There was a bird sanctuary at the estuary end, facing onto the estuary. The estuary itself was a cornucopia of edible shellfish. The waves on the outer beach were gentle or rough as the mood and the tides took them, but on the estuary side the surface lapped gently on only slightly muddy banks. The hostel boasted a couple of kayaks (usually out of commission) with which the estuary’s corners could be explored. (But watch out for the rip at the mouth on the ebb!) An afternoon with a pair of binoculars would prove rewarding for the birdwatcher.

The surf-lashed outer beach was often almost deserted on weekdays (at weekends, particularly on Sundays, families moved in), maybe four people in the whole length. As a bonus, by tacit agreement of most of the locals, clothing on the beach was optional. The pursuit of the all-over tan was thus simplified.

Towards the north end, a small stream came down to the sea. Cross the stream and the remaining sand, and suddenly cliffs drew in close to the shoreline. Follow the cliffs around and you found a quiet retreat, built partly into a cave, where you might spend a night or two if you were short of money or just wanted to be away from civilisation for a while. (Definitely slum quarters, unfortunately, but you could always sleep outside if you didn’t trust the filthy sponge-rubber mattress.)

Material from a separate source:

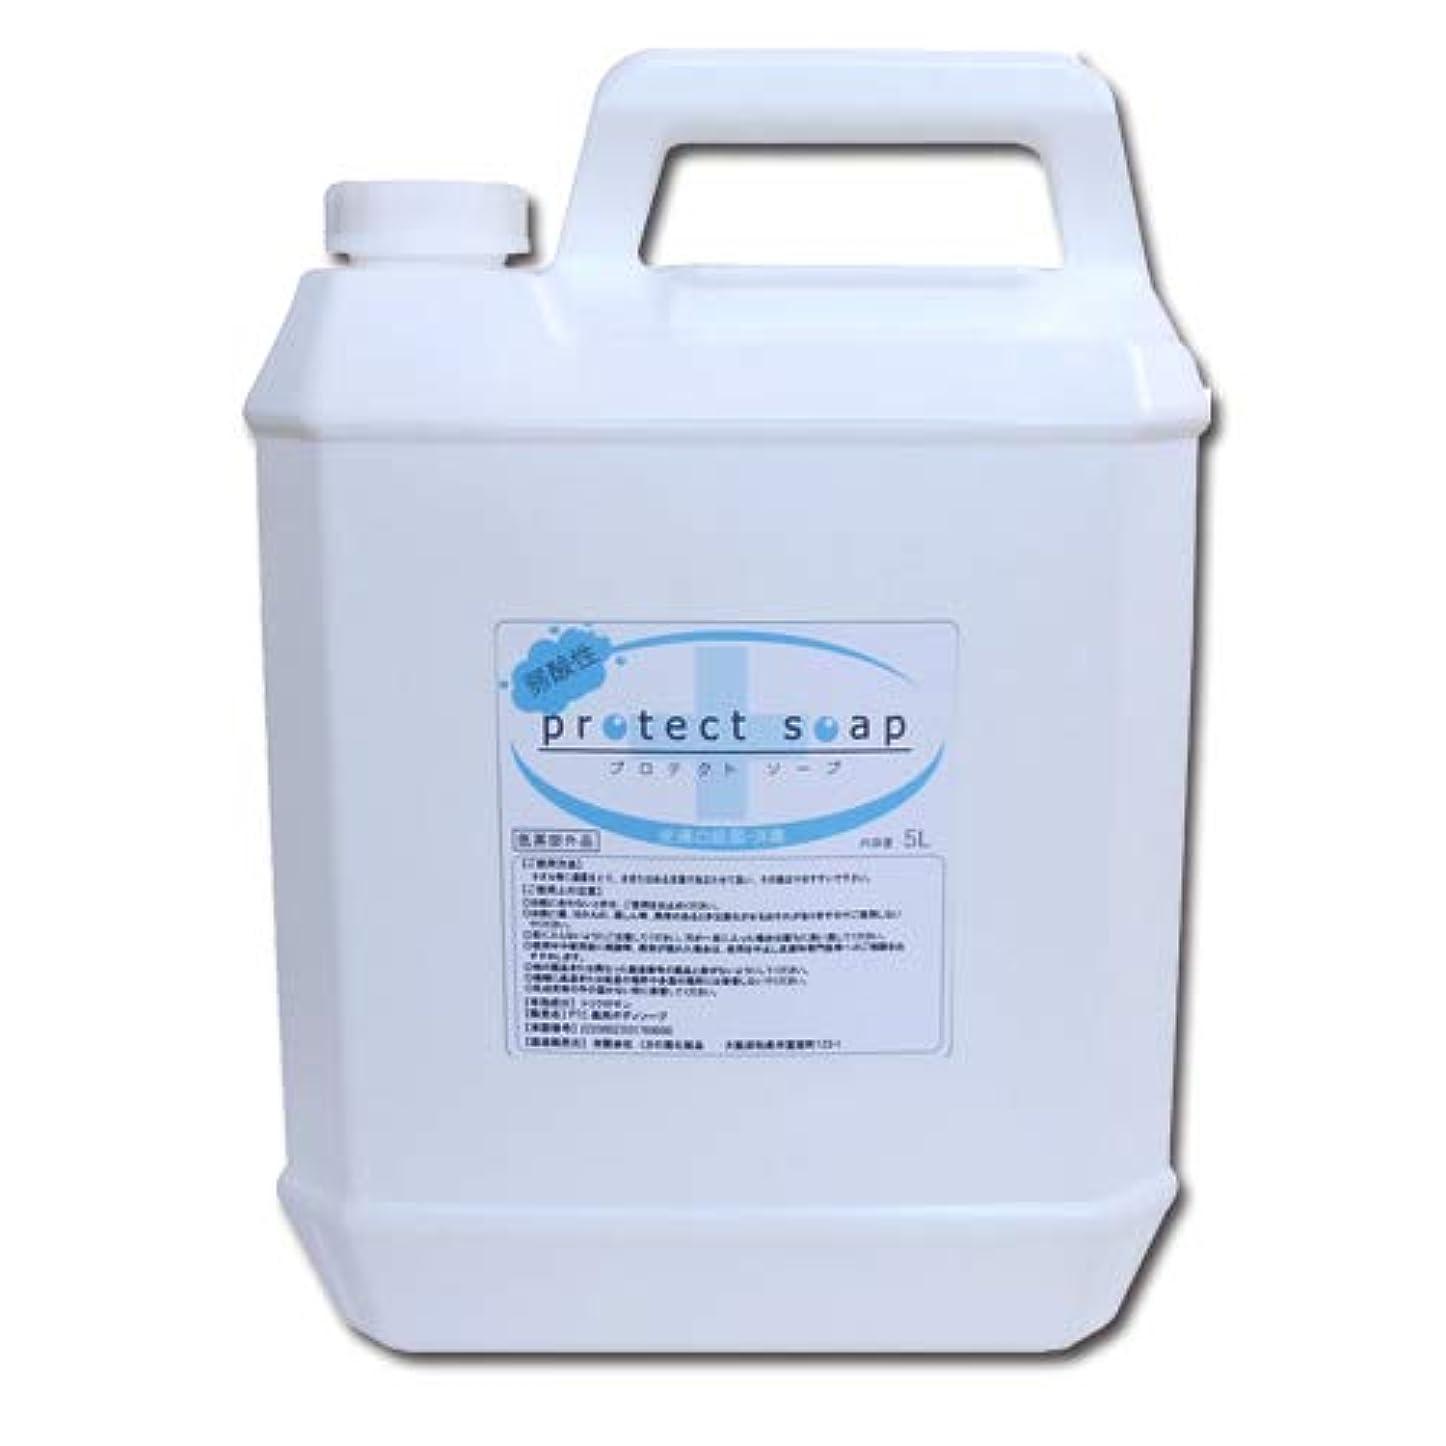 口実シンプルさ鯨低刺激弱酸性 液体石鹸 プロテクトソープ 5L 業務用│せっけん液 液体せっけん 殺菌?消毒 インフルエンザ?ノロウィルス対策
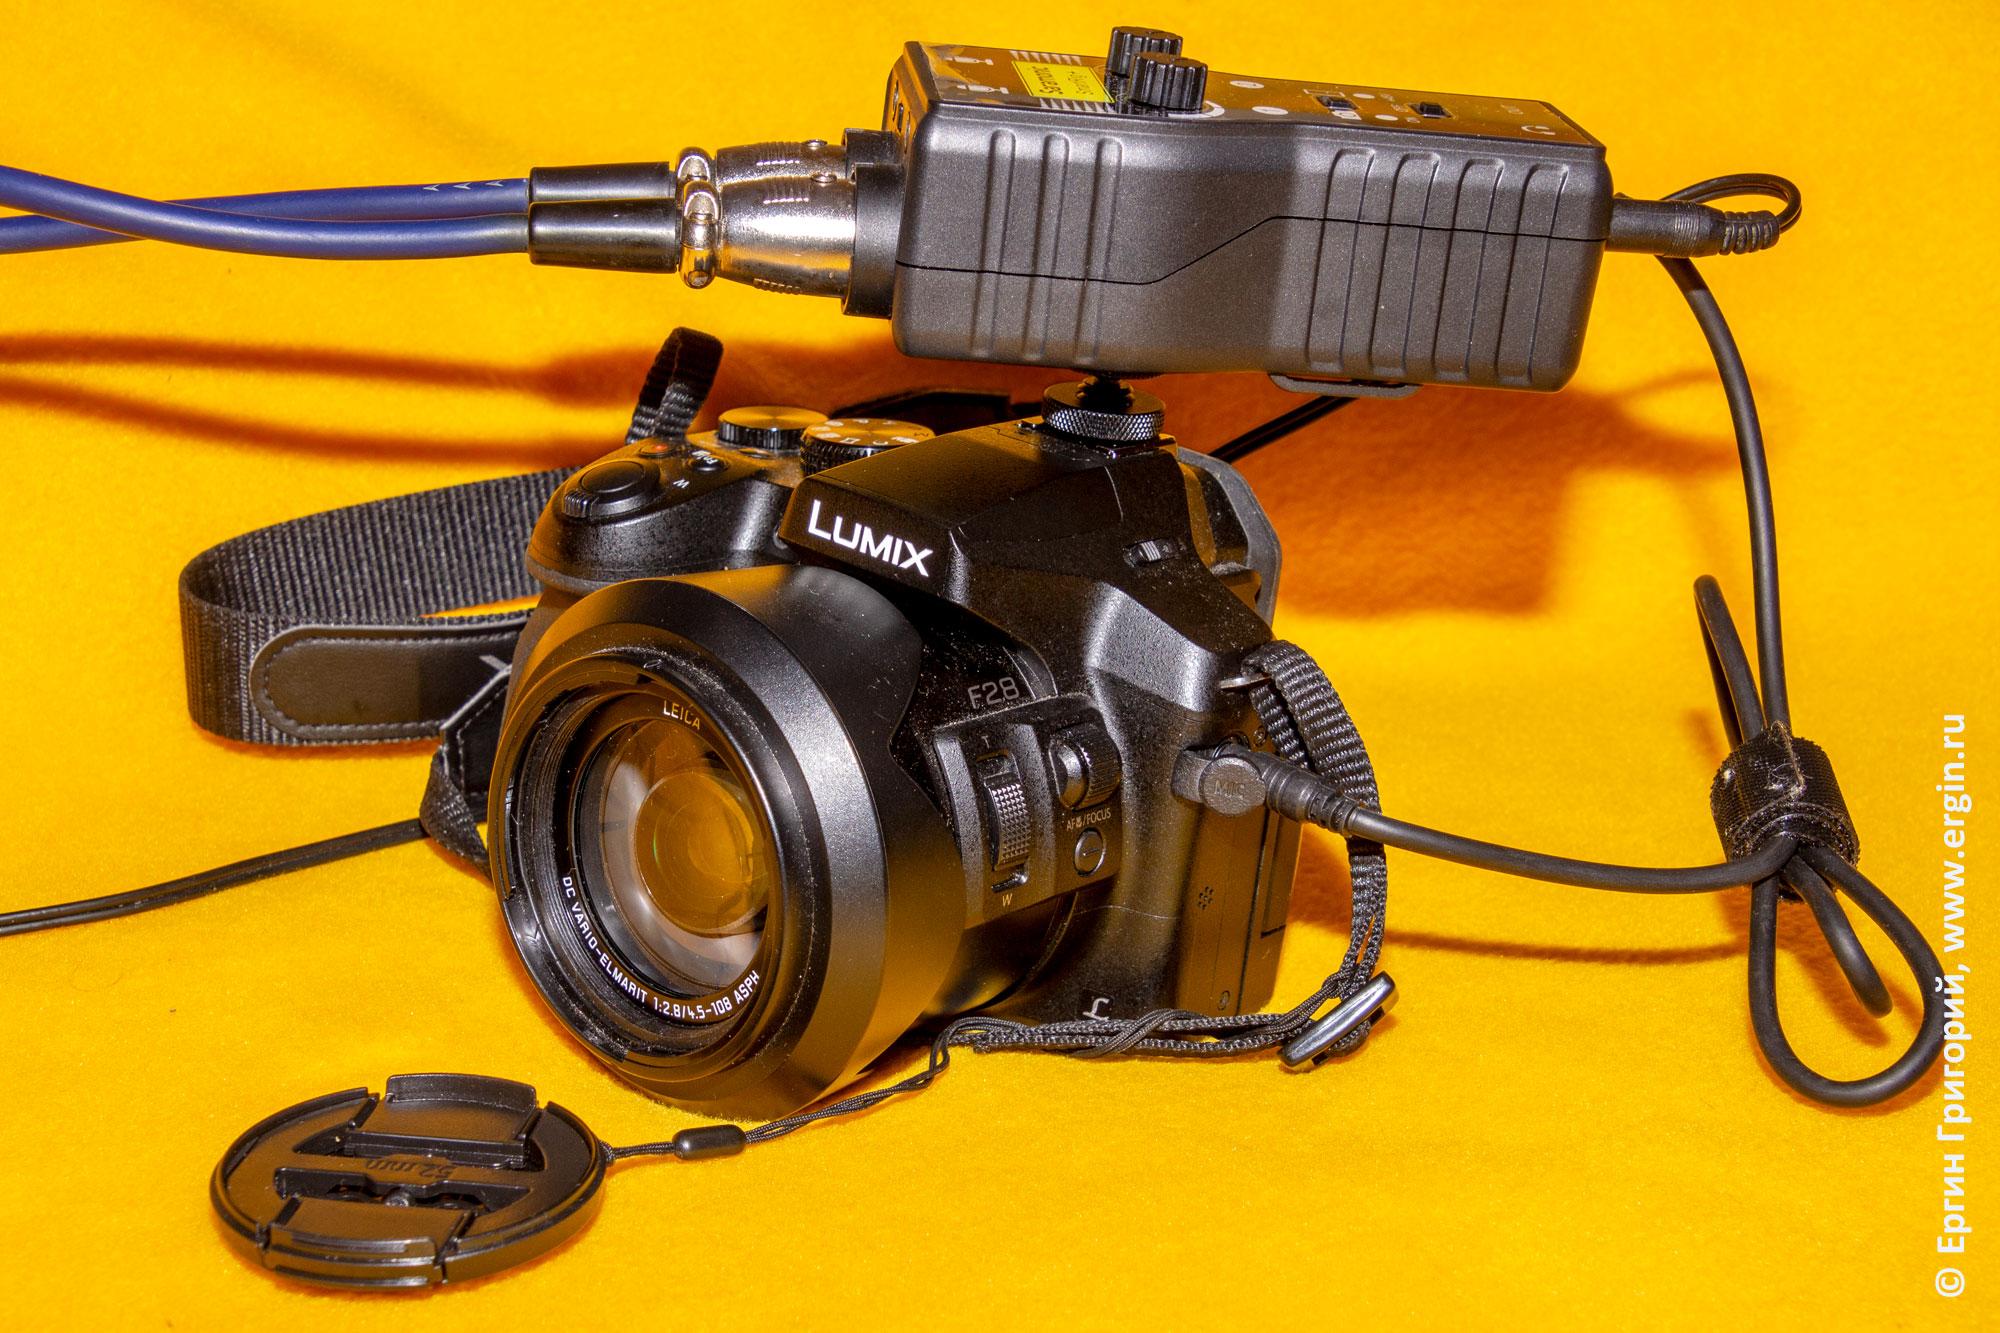 Крепление Saramonic SmartRig+ на горячий башмак фотоаппарата при помощи адаптера и резьбы под штативный винт

The sunsets were pretty, too, to me, who was raised to watch the sun descend into the sea. At Opoutere the sunset was behind anyone gazing out to sea, but the constantly changing play of the light as the night crept up the eastern horizon was endlessly fascinating. The subtle golds and greens and blues in the sky, reflected by the water and merging with the water’s own darker swirling and the fading pink sea-foam, framed by the gold sand and the heavy green trees, were very lovely.

Several islands were visible from the dunes. The closest was a group of three: in order of proximity Rabbit, Penguin, and Slipper. The largest and farthest was Slipper, and this island figured in world news a couple of years back when possible graveyards for the Rainbow Warrior were being considered. At one time it looked as if the ship would be scuttled in shallow water near Slipper island, where people could come and see it, a perpetual reminder of an infamous deed by a country “friendly” to NZ.

A Walk in the Dark

The night was sultry. After tossing for several hours in my little room in the corner of the big building, I gave up. I pulled on my togs and scuffed into my jandals; stuffed towel, t-shirt and shorts into a bag, along with a torch, and stepped out.

I paused a moment, listening, on the planking of the covered walkway that joins the hostel buildings together. The night-sounds were muted, stifled by the heavy air. A faint wind-sigh, a rustle of leaves. Somewhere an opossum grunted. Through the open door of the dormitory behind I could hear the snores of hostellers not cursed by an attack of insomnia.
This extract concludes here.